Thirty Four

21.3K 1.2K 83
                                    

hola! maaf kemarin batal update yaaa. akunya belum kelar ngetik dan masih ada tanggungan untuk tugas.

so! ramein part ini ya!!! untuk next part aku mau nyoba 450 vote bisa gaaa ya? harus bisa!!! yukk ah ramein part ini untuk vote dan komennya ya!!!

VIRALIN DAN REKOMENDASIIN CERITA INI DI AKUN TIKTOK KALIAN YA!

HAPPY READING
🦋🦋🦋

Pagi ini benar-benar suasana rumah begitu ramai. Bisa dibayangkan kalian saat akan bersiap untuk bersekolah, bekerja dan tentunya mengawali pagi kalian tanpa persiapan. Pasti ricuh dan berisik. Belum lagi, ibu kalian yang akan jadi bulan-bulanan pertanyaan apapun itu. Entah barang, letak barang maupun keperluan lainnya.

Seperti di kediaman Arka dan Ranika saat ini. Jam sudah menunjukkan pukul 6.15 pagi, baik Arka maupun Alden masih ribut dengan sautan teriakan dari masing-masing mereka. Ranika yang baru saja kelar membuat sarapan, dibuat pulang dan ingin menangis mendengar keributan di lantai atas.

Terdengar suara perdebatan kecil dan barang-barang yang jatuh. Siapa pelakunya Ranika tak ingin ambil pusing. Untuk menghampiri keduanya saja, rasanya sudah malas. Mengingat anaknya yang berada di dalam kandungan ikut-ikutan aktif menendang perutnya. Sungguh, benar-benar keributan yang lengkap pagi ini.

"Ran! Dasi aku di mana?" Teriak Arka dari atas.

Diikuti suara lengkingan dari bocah laki-laki. "Bundaaaaa! Kaos kaki putihnya di mana?"

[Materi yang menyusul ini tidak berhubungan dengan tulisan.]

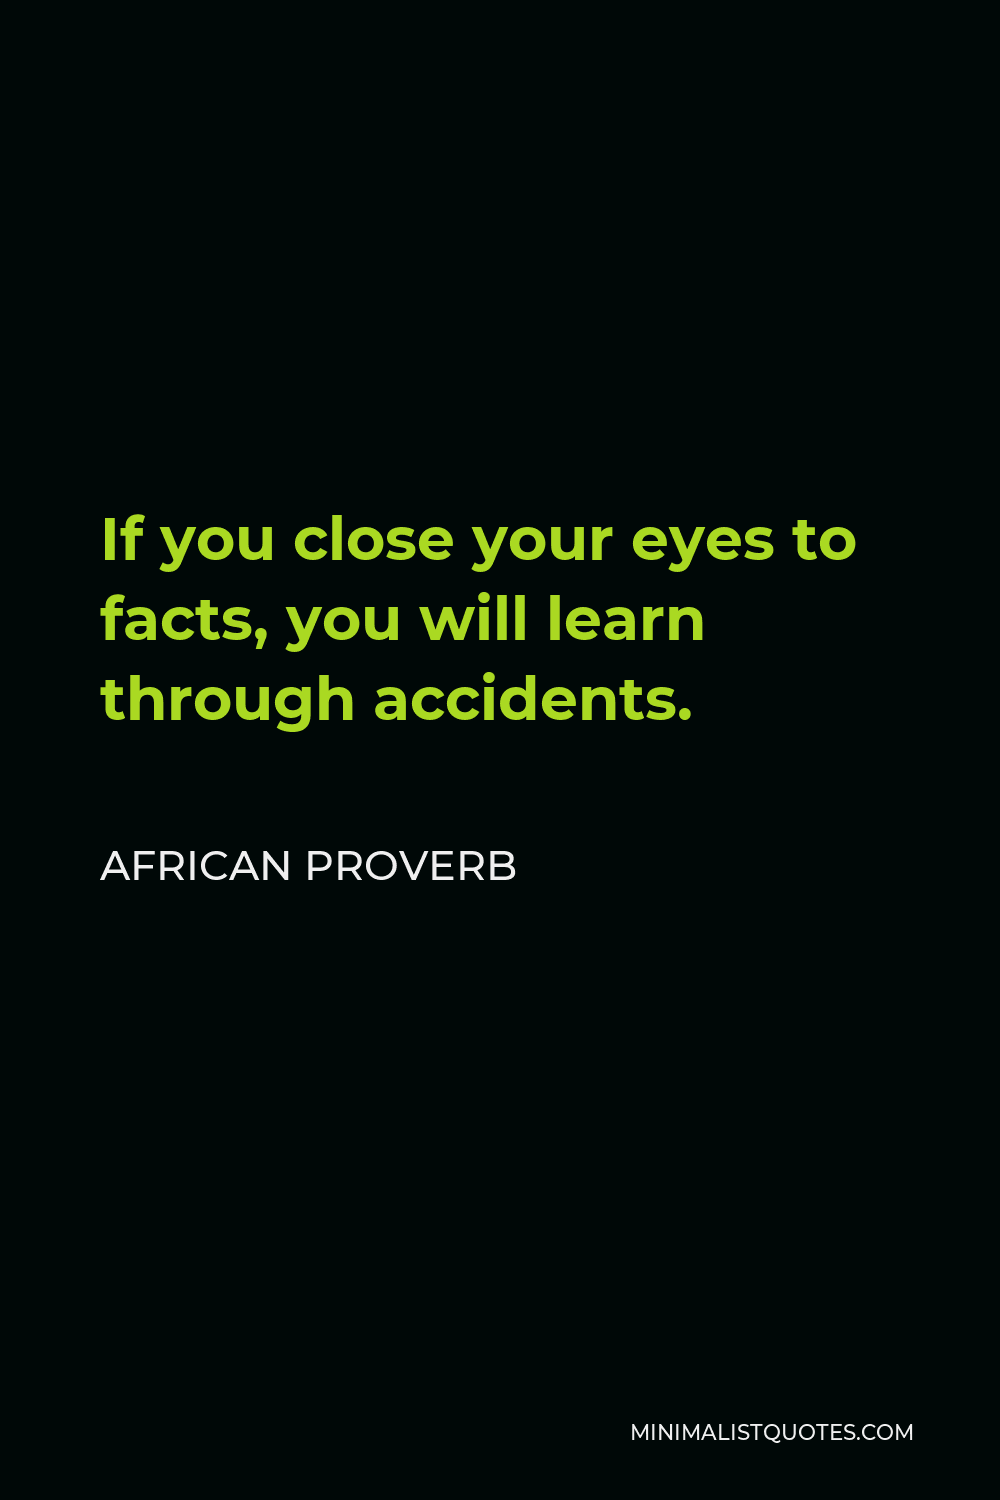 African Proverb Quote - If you close your eyes to facts, you will learn through accidents.

Ranika meringis kala mendengar suara teriakan dari keduanya. Bahkan dirinya sangat dongkol dengan keributan pagi ini. Tangannya ia gunakan untuk menopang kepalanya yang terasa pening. Bukan karena ia sakit, tapi karena pusing mendengar keributan dari atas.

Terdengar suara langkah terburu-buru dari atas. Lantas Ranika mendongak, benar saja dugaanya. Dua laki-laki dengan beda usia ini menuruni tangga bersamaan. Herannya tak ada satupun yang berpakaian dengan rapih.

"Ran, kok, aku teriak ngga di jawab, sih?" Tanya Arka.

"Bunda, kenapa diem? Kan, Alden mau sekolah." Timpal Alden.

Ranika berdecak. "Kalian berdua astaga! Baru sehari bunda ngga nyiapin kebutuhan kalian, loh. Rasanya kaya udah bulanan."

"Cepet, Ran, dasi aku di mana?" Tanya Arka tak sabaran.

"Ih! Ayah! Punya Alden dulu." Sela Alden Tak terima.

Ranika hanya menatap cengo keduanya. Tak ada satupun yang menanggapi ucapannya. Hanya pertanyaan ulang di mana barang yang mereka cari. Kejadian pagi ini, benar-benar menguji kesabaran Ranika. Ranika bangkit dan menatap garang keduanya.

Baik Alden dan Arka langsung menutup mulutnya rapat-rapat. Perdebatan yang mereka lakukan mendadak hening seketika, saat Ranika bangkit dengan memberikan sebuah tatapan yang mengerikan. Mereka mungkin lupa, Ranika ini sedang hamil. Kemarahannya mungkin bisa membuat bangunan rumah ini runtuh seketika.

"Kok, diem? Ayo terusin! Bunda jadi wasit. Cepet!" Tantang Ranika.

Benar kan Ranika dalam mode galak. Arka sendiri sebagai suaminya tak berani menjawab, apalagi Alden. Bocah ini meringsut mendekati ayahnya. Tangan kanannya digunakan untuk mencubit paha ayahnya, seakan-akan memberi kode untuk menjawab apa yang dilontarkan oleh Ranika.

Arka dibuat garuk-garuk kepala dan meringis seperti frustasi. Salah sedikit saja, berakhir ia harus tidur pisah kamar. Tentu Arka tida mau itu terjadi. Tanpa Ranika di sebelahnya, mampu membuat dirinya uring-uringan. Ibarat tidur tanpa bantal dan guling yang lengkap.